Ahead of Thursday evening’s Park County Republican Party Central Committee meeting, Bray invited any local Republicans — and specifically those from his precinct, which encompasses much of the southern part of Powell — to a morning meeting at the Red Zone Sports Bar and Grill.
Only a few people showed up.
“My take on it is nobody really is that upset about it [the email],” Bray said of the low turnout. “I’m not taking it as a sign that everyone said they would have said the same thing, but they weren’t terribly upset.”
However, one of the people who attended Bray’s precinct meeting was Josh Shorb, a rural Powell Republican who took issue with the email.
“I didn’t agree with the language he used,” Shorb said in an interview. “… I said, ‘I don’t care if you would have wrote her a letter that the sky is blue and then used that language.’ The message … with what he disagreed with is immaterial to me; it’s the language. You don’t talk to somebody like that and you don’t talk to a lady like that.”
Shorb also said he felt like “there’s some things you just can’t apologize for.”
Closed-door discussion
At the central committee meeting, held at the Cody Cowboy Church, Shorb served as a proxy for another committee member and made a motion to ask Bray to resign his position.
Before he finished the sentence, other members of the party called for the subject to be taken up in a closed-door executive session. Attendees who weren’t members of the central committee were then asked to step outside the church, while committee members were told to turn off their cellphones and place them on a table in the front of the sanctuary.
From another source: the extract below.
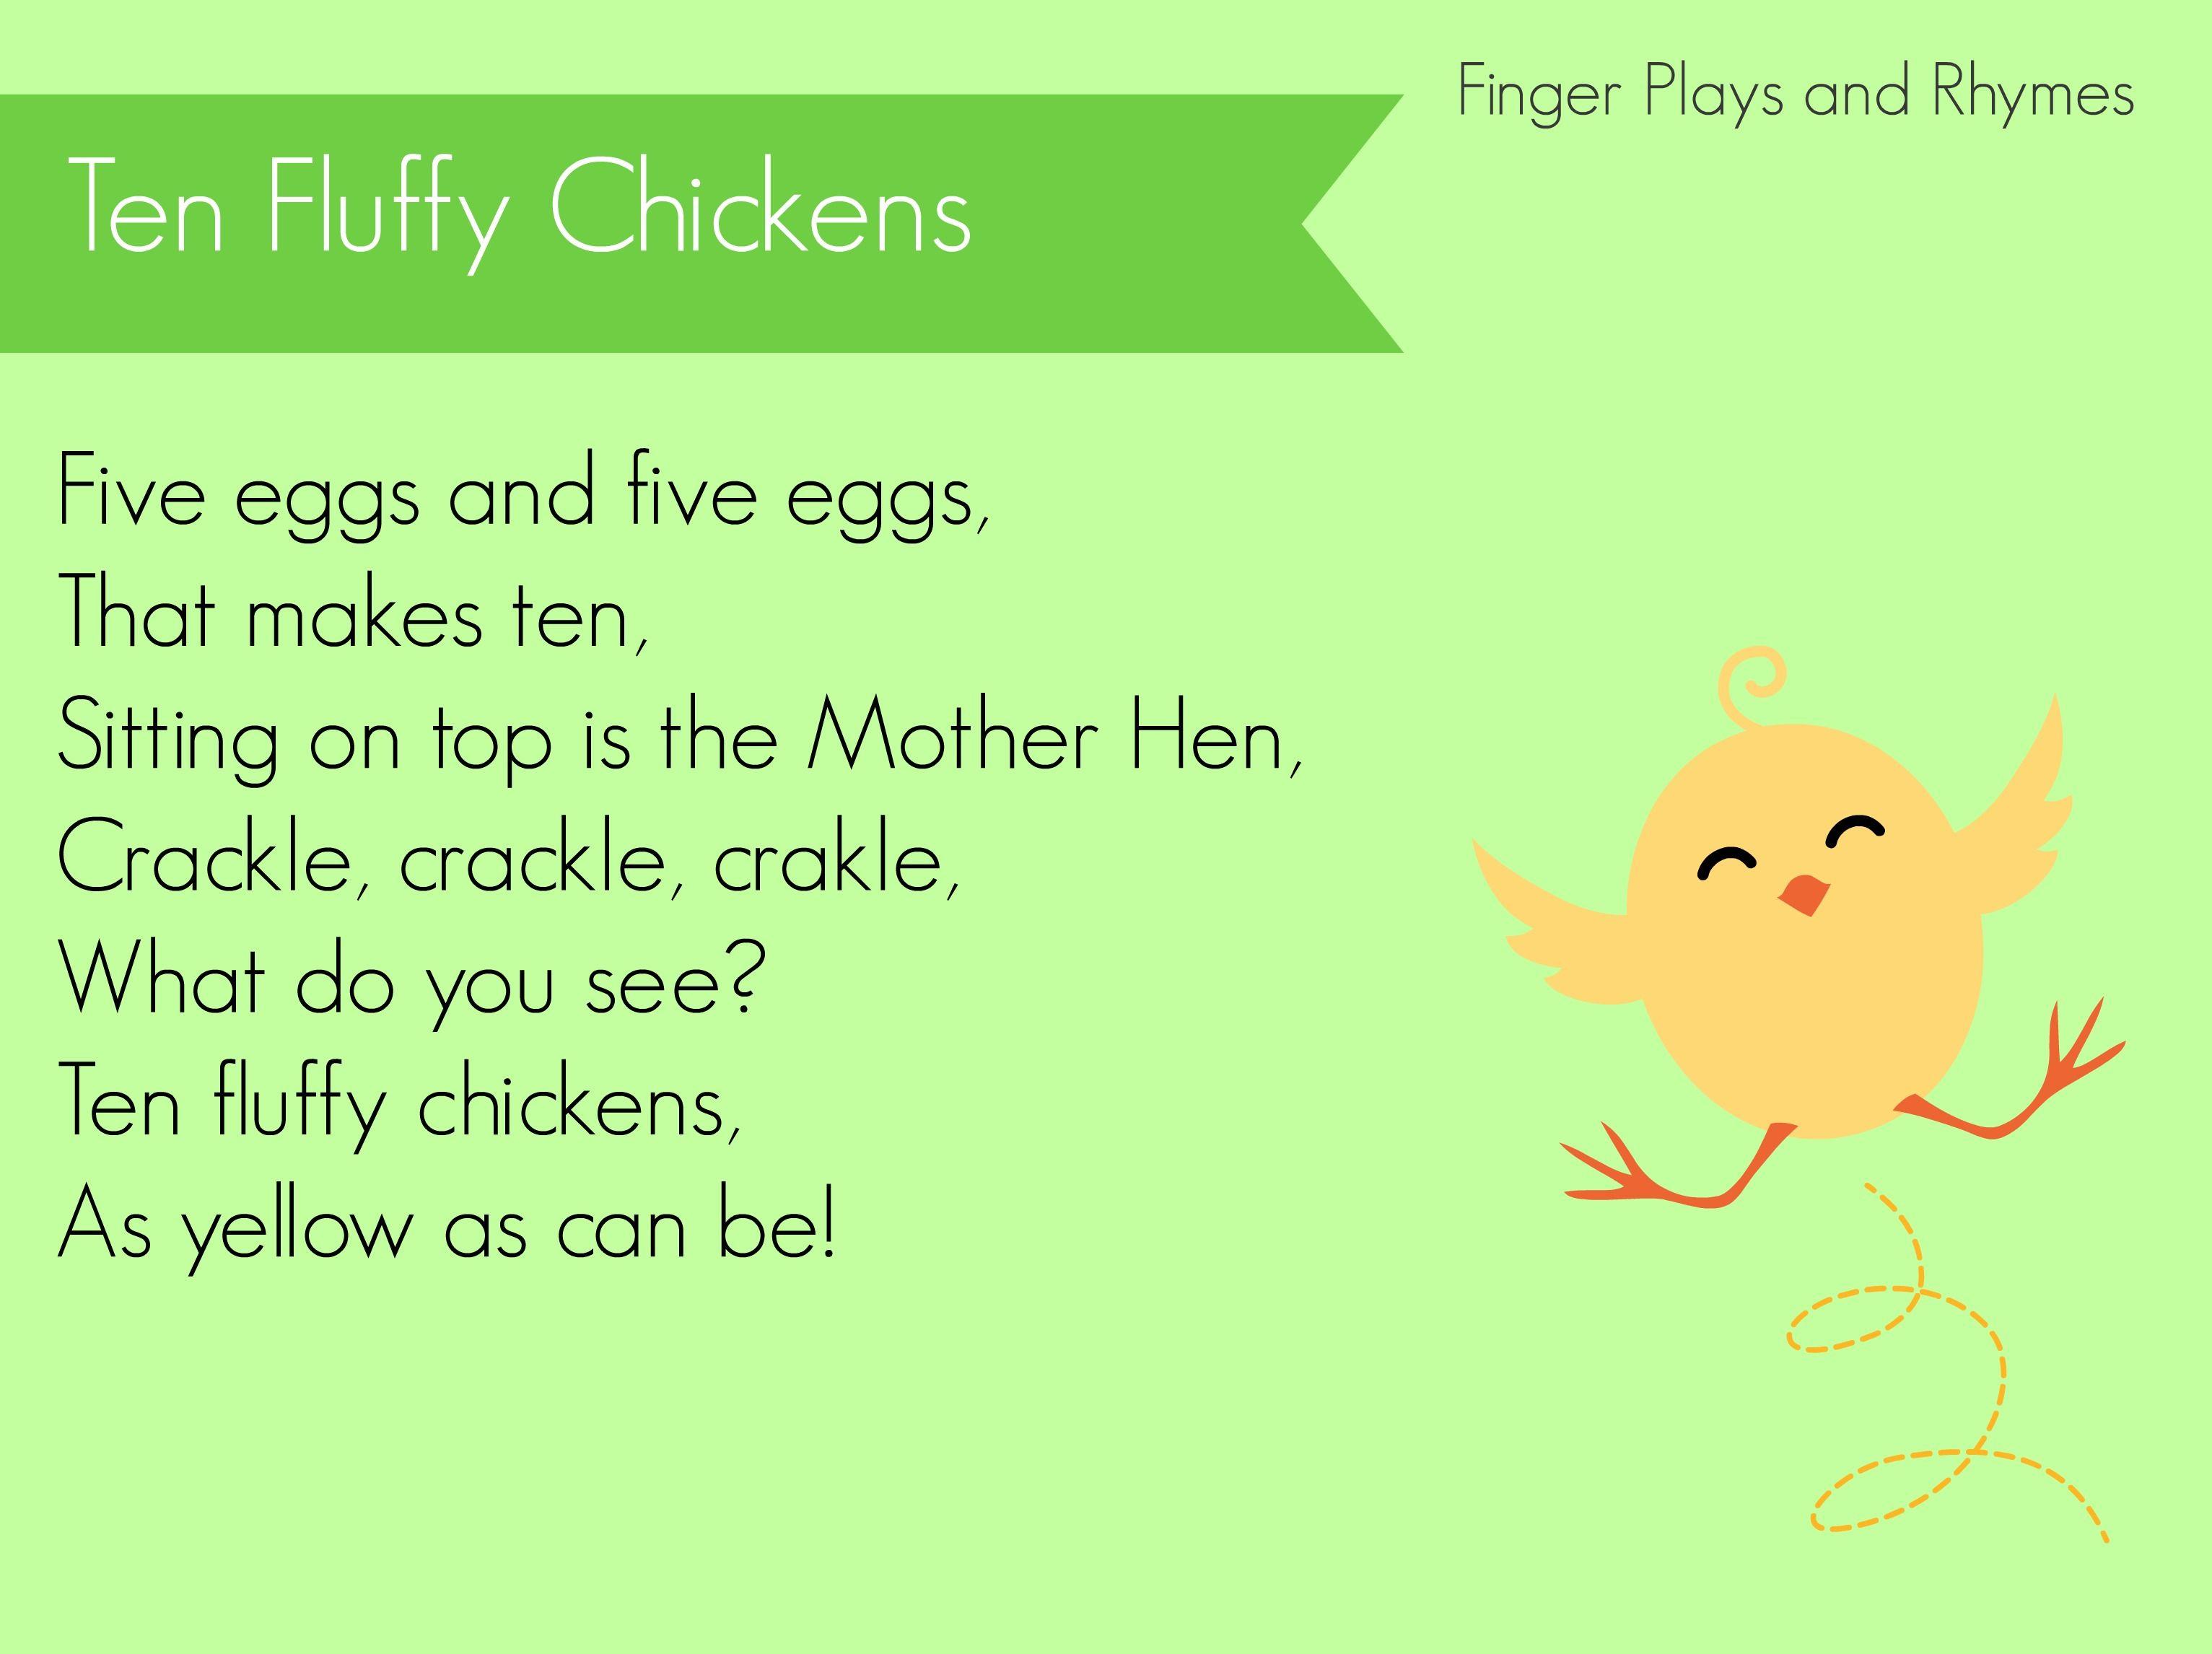 Ten Fluffy Chicks Finger Play for preschoolers | Fingerplays ...

The county party’s handling of the discussion differed from past efforts to censure then-state Sen. Hank Coe, R-Cody, in 2014 and U.S. Rep. Liz Cheney, R-Wyo., earlier this year, which were held in the open. The Park County Republican Party’s bylaws don’t address executive sessions, but Kimmet indicated the decision was based on Robert’s Rules of Order.
In interviews, both he and Bray indicated the issue is now over with.
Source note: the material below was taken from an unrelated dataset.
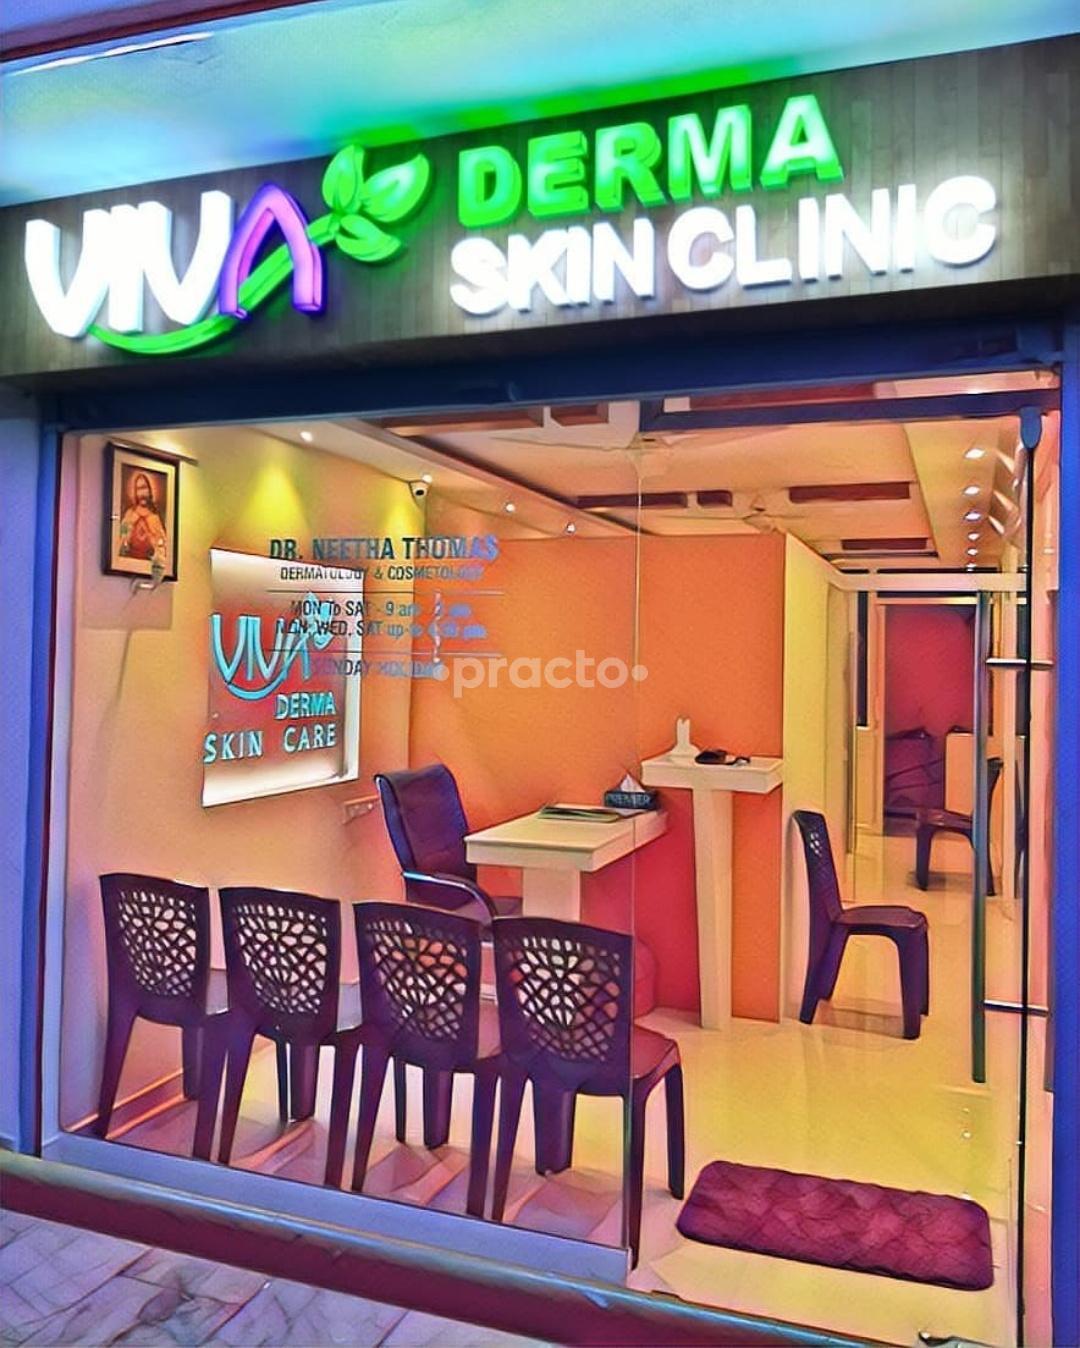 Viva skin clinic

“The man did something wrong, he apologized for it … and Sen. Nethercott accepted that apology,” Kimmet said. “To me, that’s where it should have ended instead of certain people and certain press making a political issue of it. Really, it wasn’t a political issue, it was a personal issue.”
Other people “should have stayed out of it, and they cost that poor man,” Kimmet said, referring to the loss of Bray’s job. The chairman said there were more important issues, specifically naming the Cody school board’s spending and handling of the COVID-19 pandemic.
Compared to other meetings the party has held this year, Thursday’s gathering had low attendance, with only 27 of the party’s roughly 75 precinct committeemen and women or their proxies present, representing 36 votes at the start of the meeting.